§ **Directions**: Please transcribe exactly the lines from the line holding "Skechers Skechair Infinity" through the end of the data below, and skip any pictures.
[Supplied information Boundary: Start]
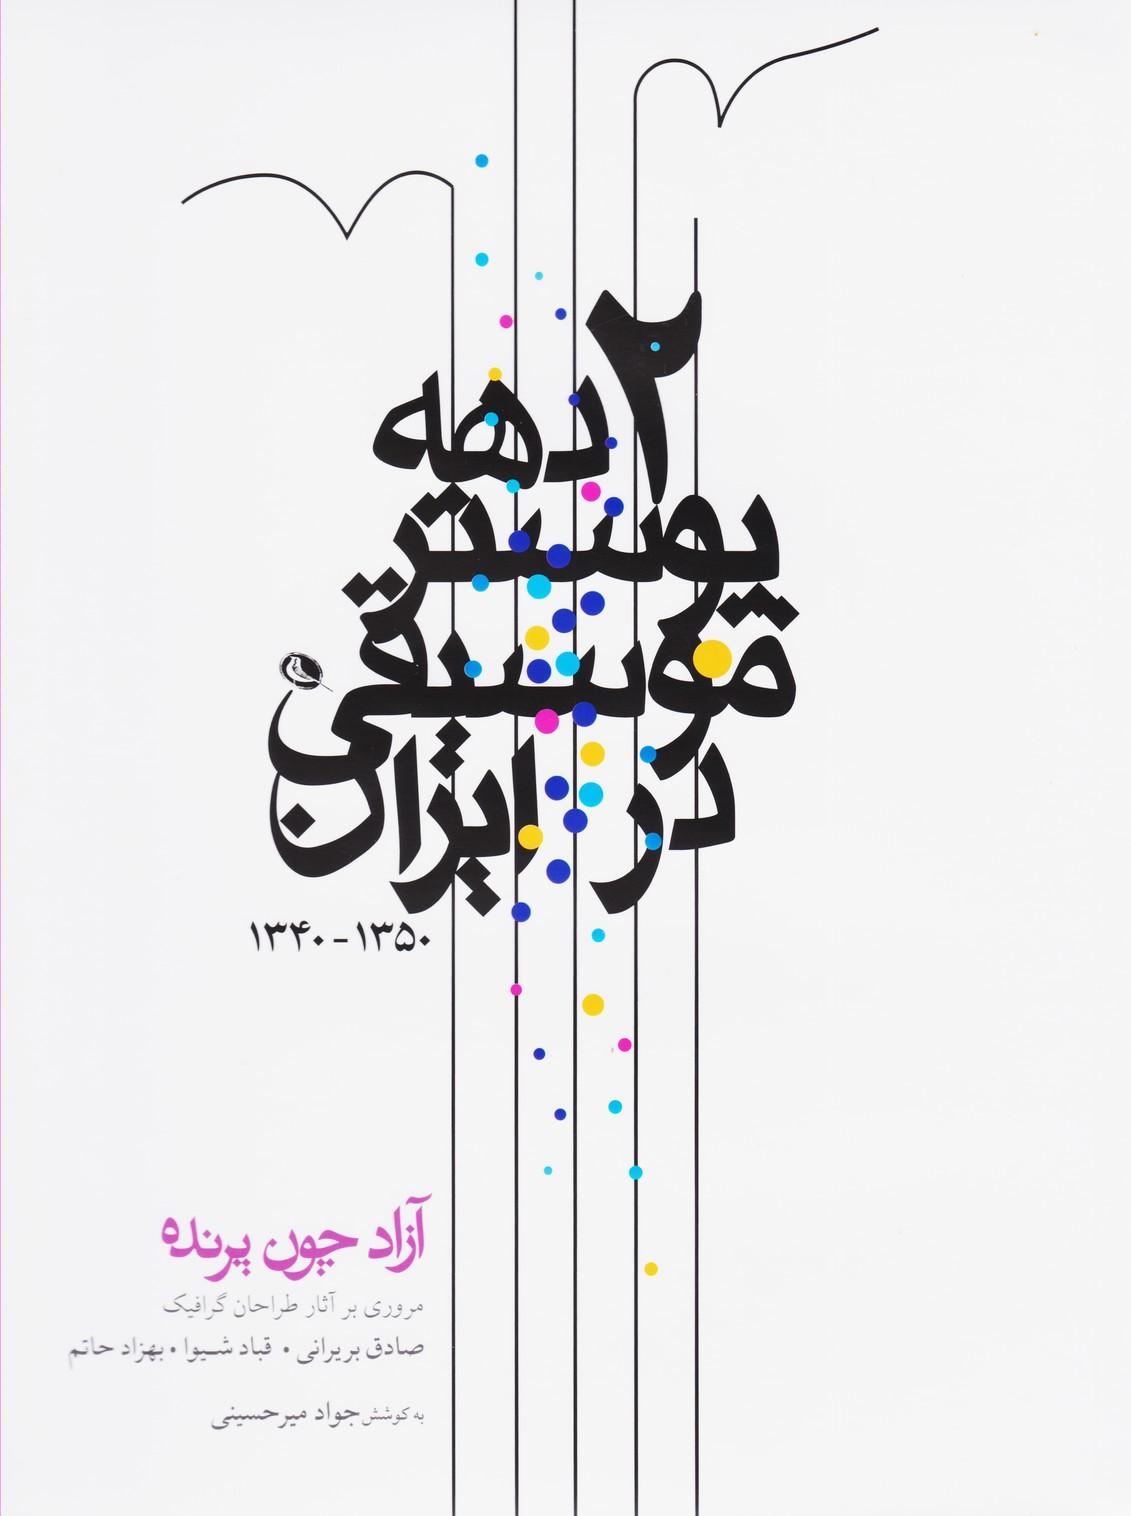 2دهه پوستر موسیقی در ایران (1340/1350)
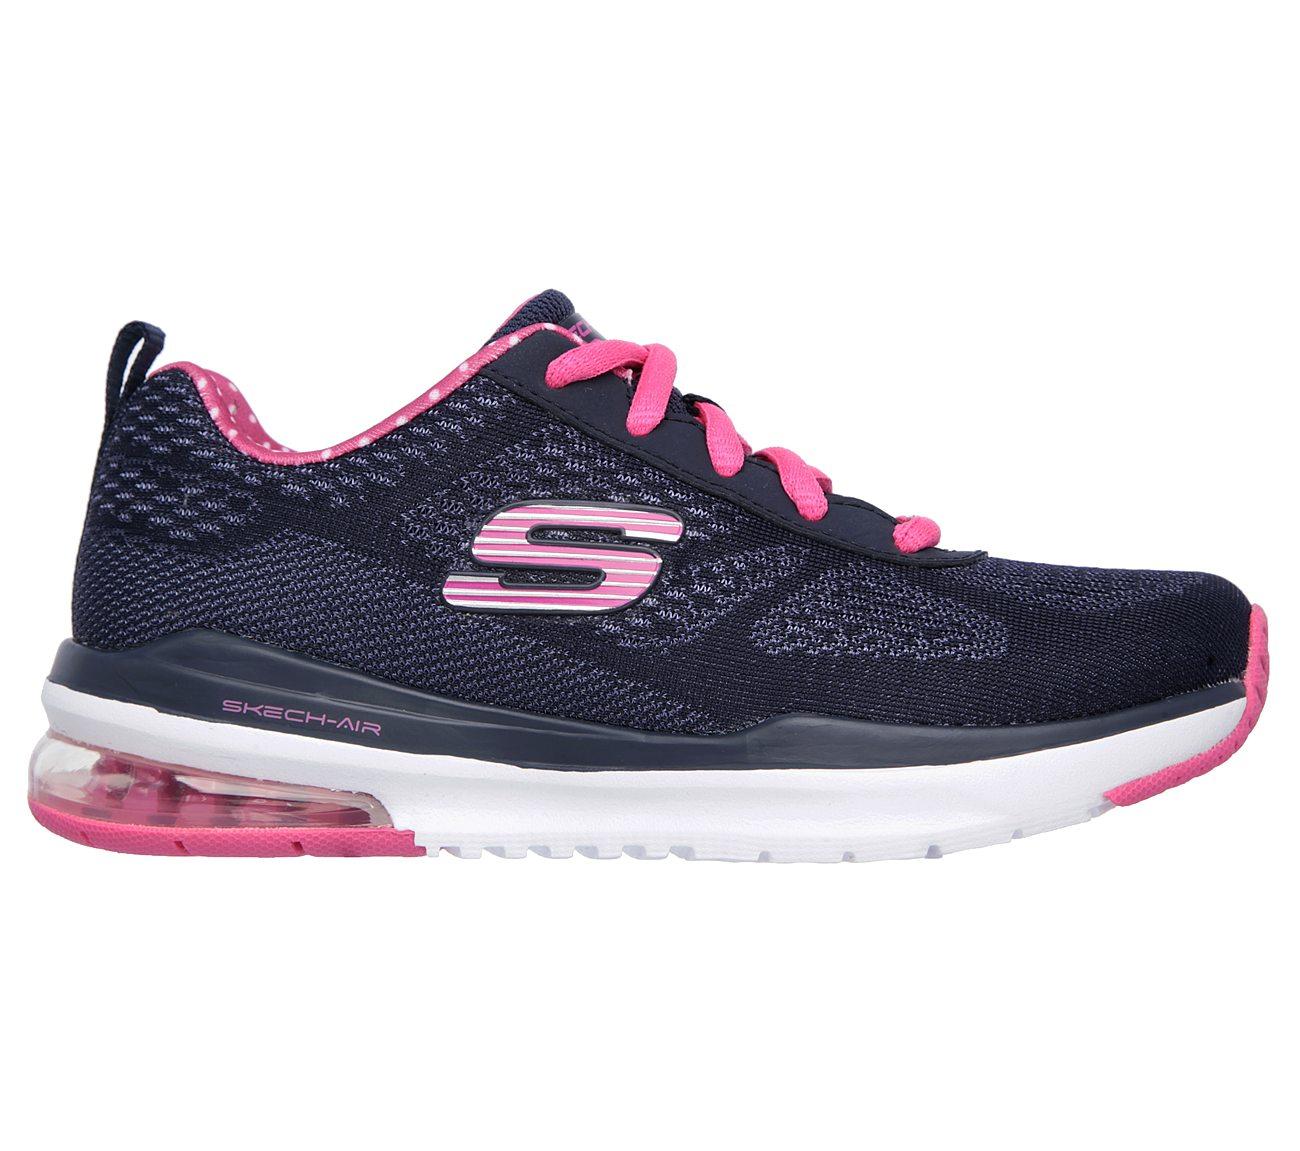 Skechers Skechair Infinity Women's Air Max Sneakers Shoes
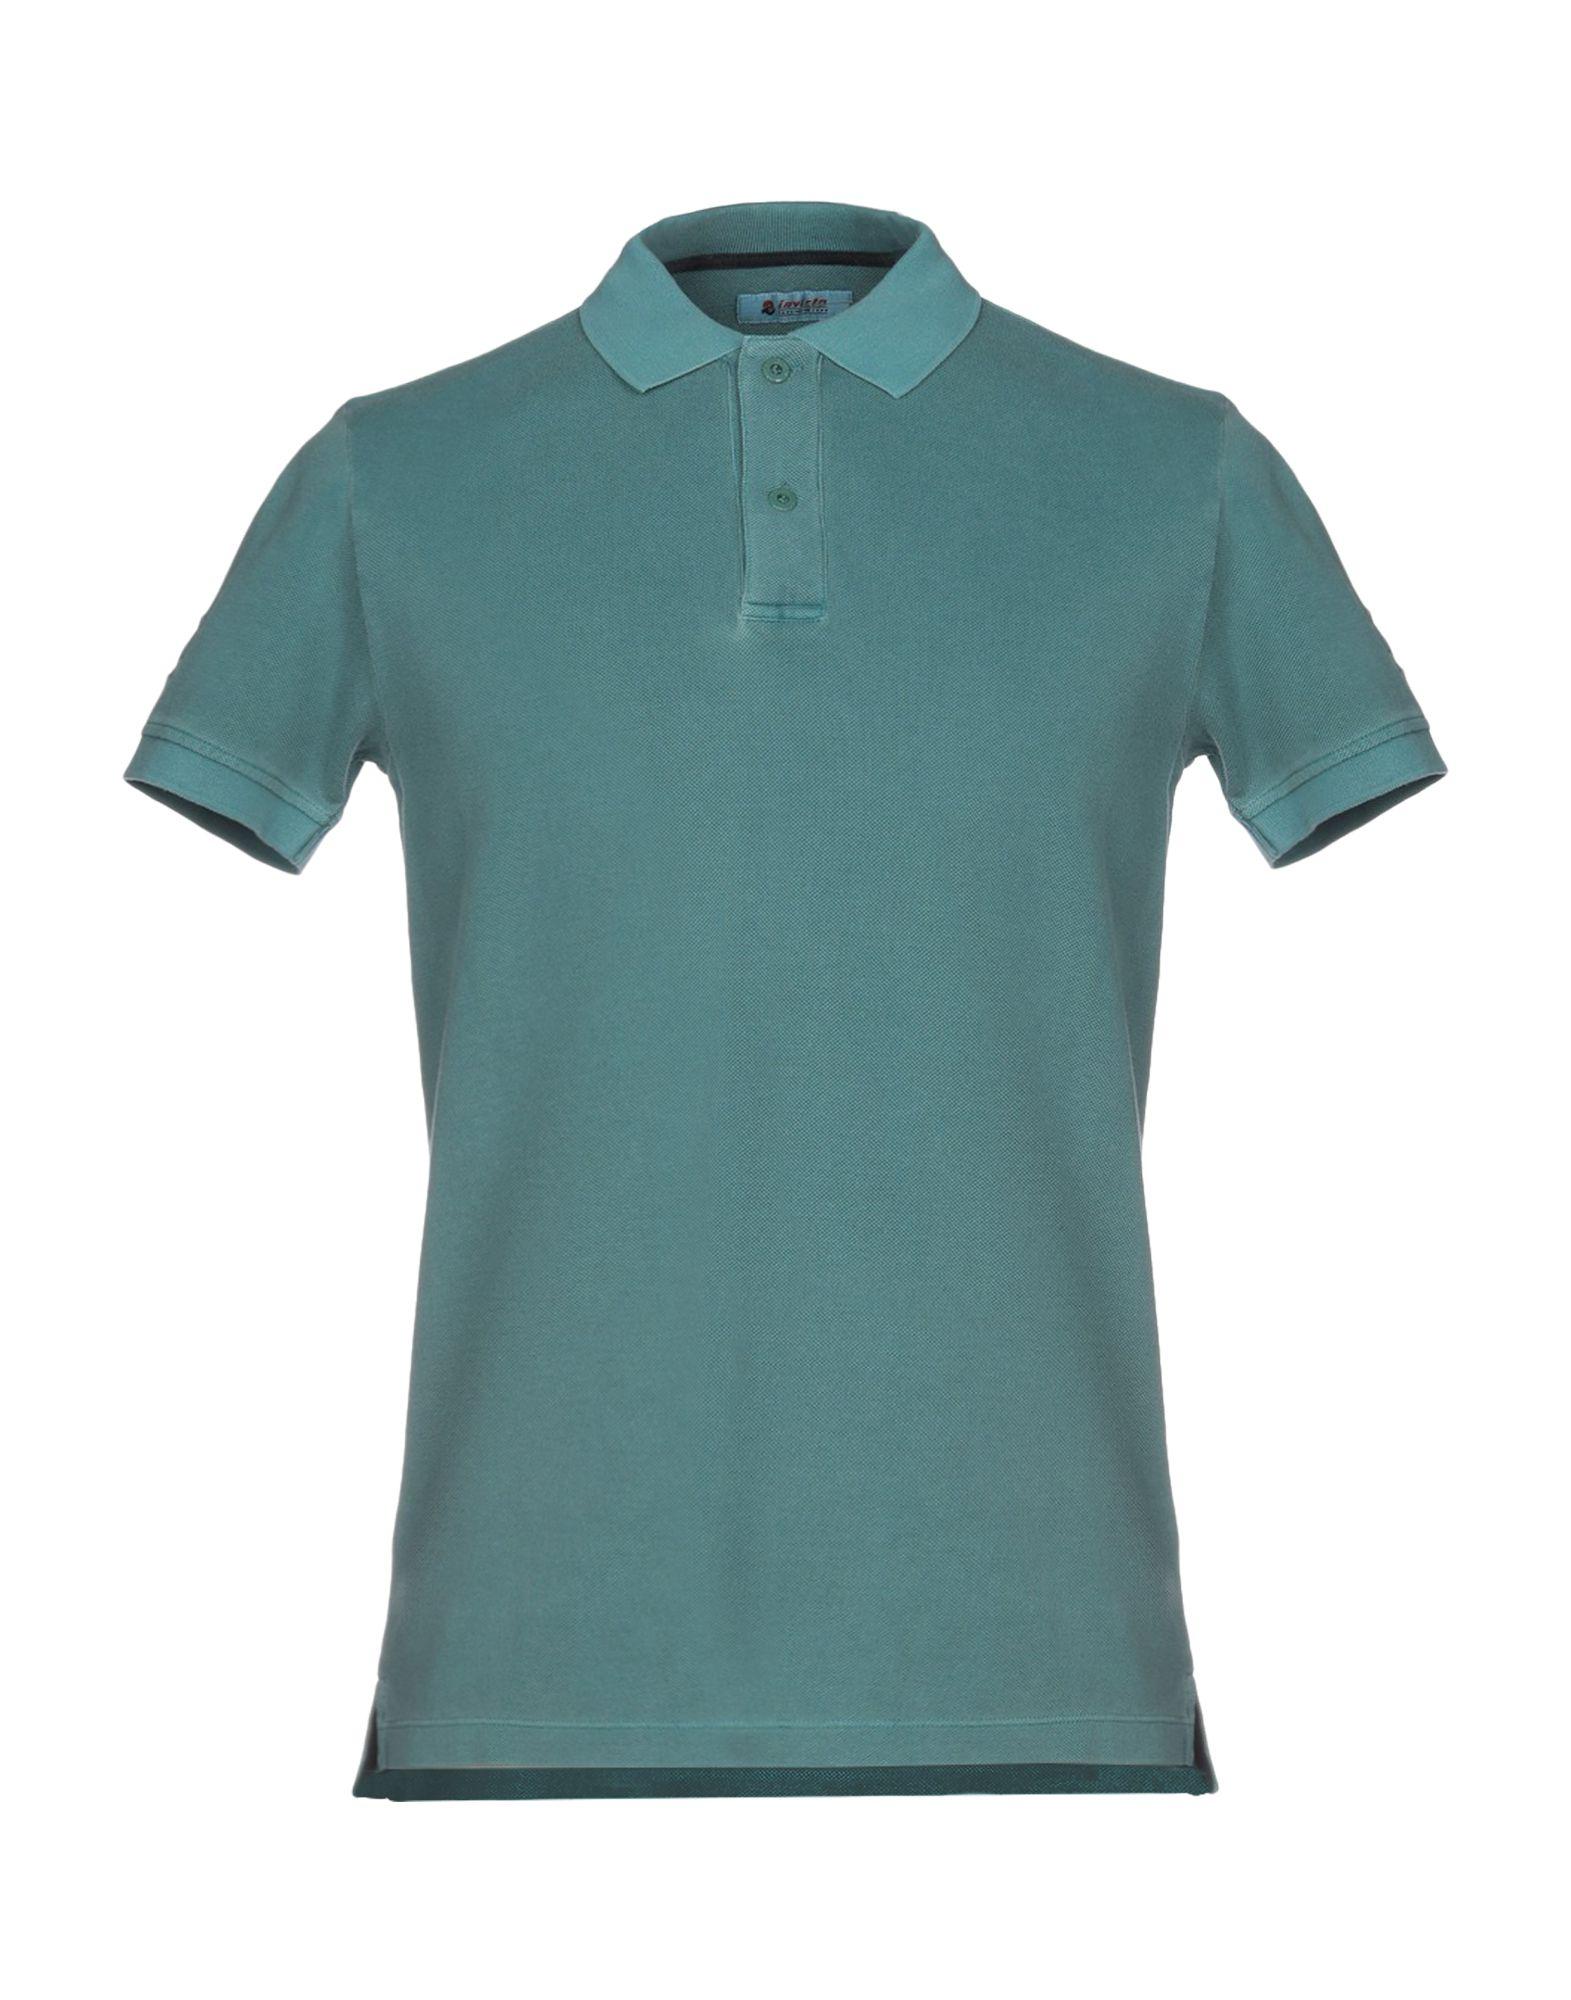 《送料無料》INVICTA メンズ ポロシャツ ブルーグレー M コットン 100%
[Supplied information Boundary: End]
§ **Reply to the exercise**:
 Skechers Skechair Infinity Women's Air Max Sneakers Shoes
 《送料無料》INVICTA メンズ ポロシャツ ブルーグレー M コットン 100%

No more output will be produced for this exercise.